Sehr geehrte Damen und Herren,

der MDR berichtete vor zwei Tagen über eine geänderte Inszenierung des Stückes “Weiße Rose” am Jugendtheater Burattino, nachdem seitens rechter Schülerkreise und der AfD im Kreistag  der Vorwurf  einer “linksradikale Indoktrination” erhoben wurde. siehe https://www.mdr.de/nachrichten/sachsen/chemnitz/chemnitz-stollberg/theater-burattino-kritik-afd-weisse-rose-kultur-news-102.html

1. Wie stellt sich aus Sicht der Landkreisbehörde der Sachverhalt dar?

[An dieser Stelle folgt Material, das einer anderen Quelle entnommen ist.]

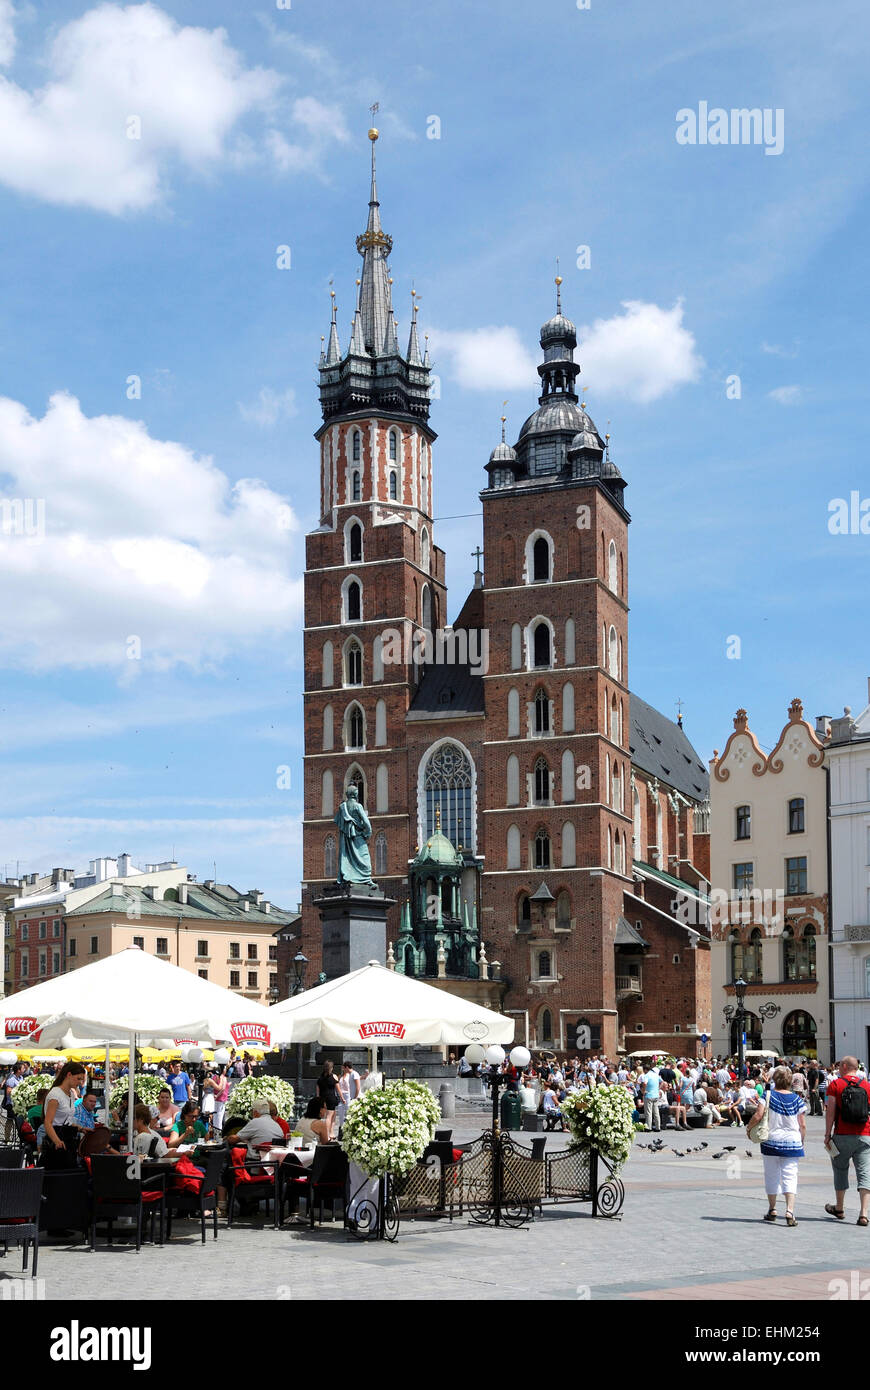 Café de la rue avec les touristes en face de l'église Sainte Marie sur le marché principal de Cracovie en Pologne. Achtung : Nur zur redaktion Banque D'Images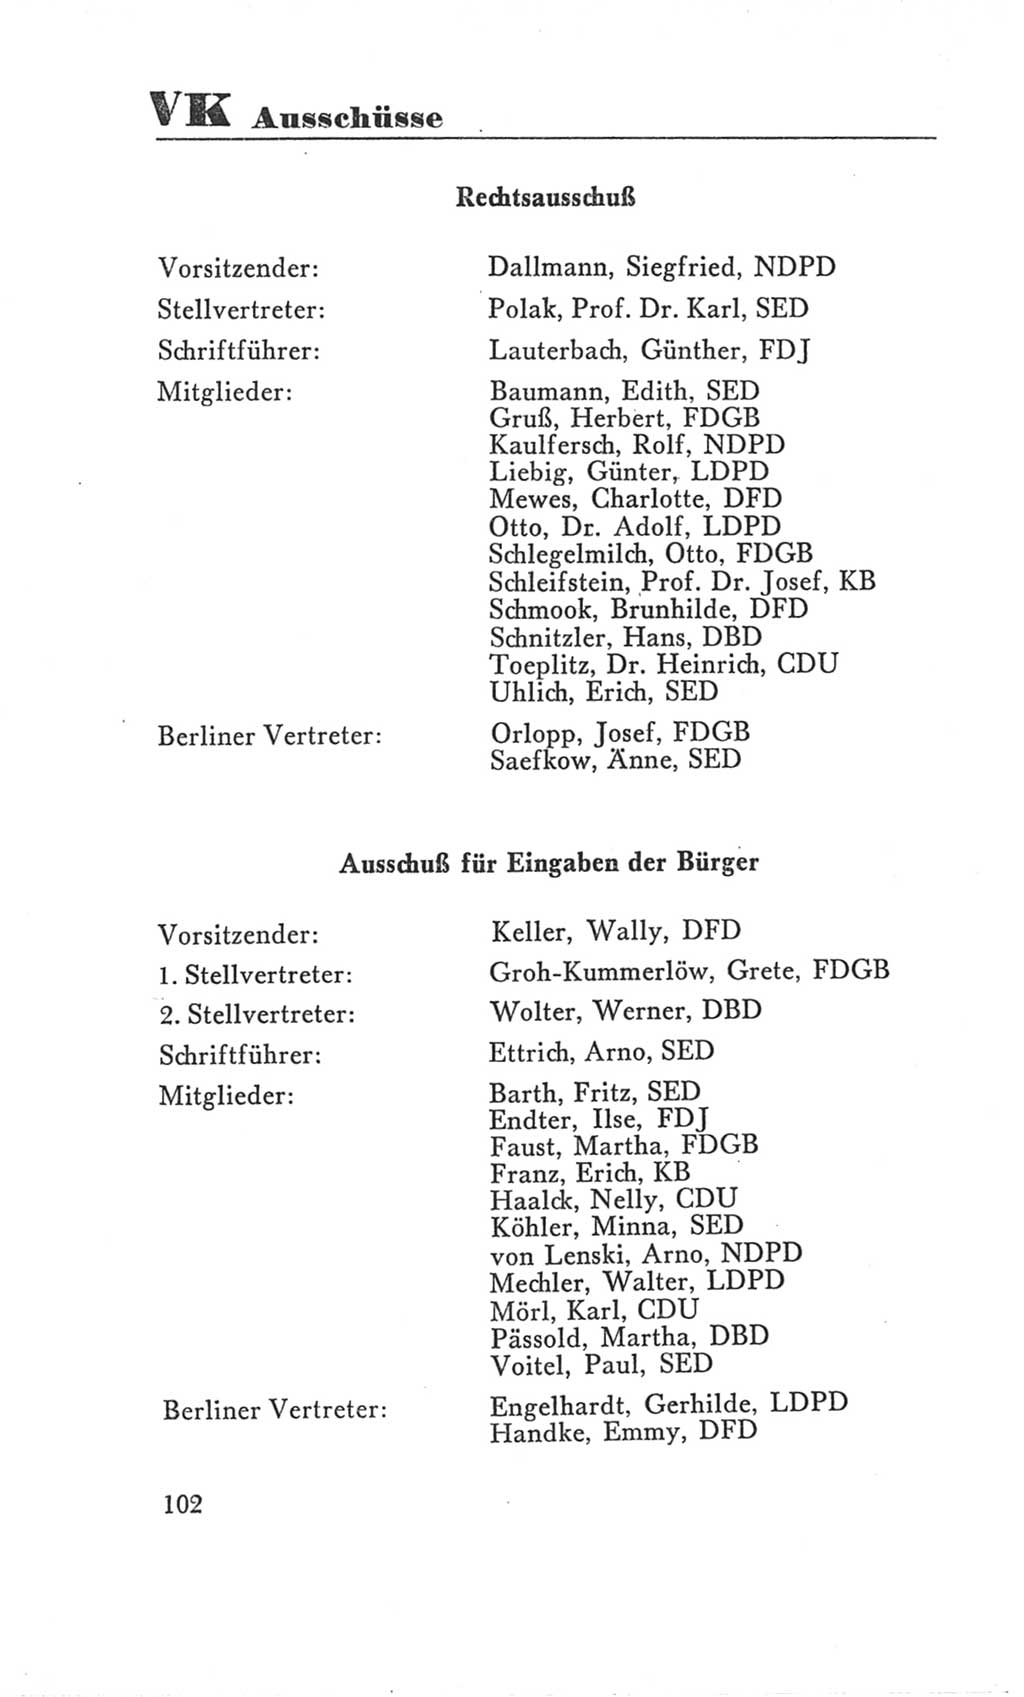 Handbuch der Volkskammer (VK) der Deutschen Demokratischen Republik (DDR), 3. Wahlperiode 1958-1963, Seite 102 (Hdb. VK. DDR 3. WP. 1958-1963, S. 102)

2. Betrachtet die Landkreisverwaltung die erfolgte Abänderung des Stückes als Eingriff in die Kunstfreiheit?

3. Welche konkreten Vorwürfe erhoben wann welche KreisrätInnen gegenüber der Landkreisverwaltung bzw. der Leiterin des Kulturbetriebes?

4. Wurden seitens der Landkreisbehörde Gespräche mit der Leiterin des Kulturbetriebes geführt?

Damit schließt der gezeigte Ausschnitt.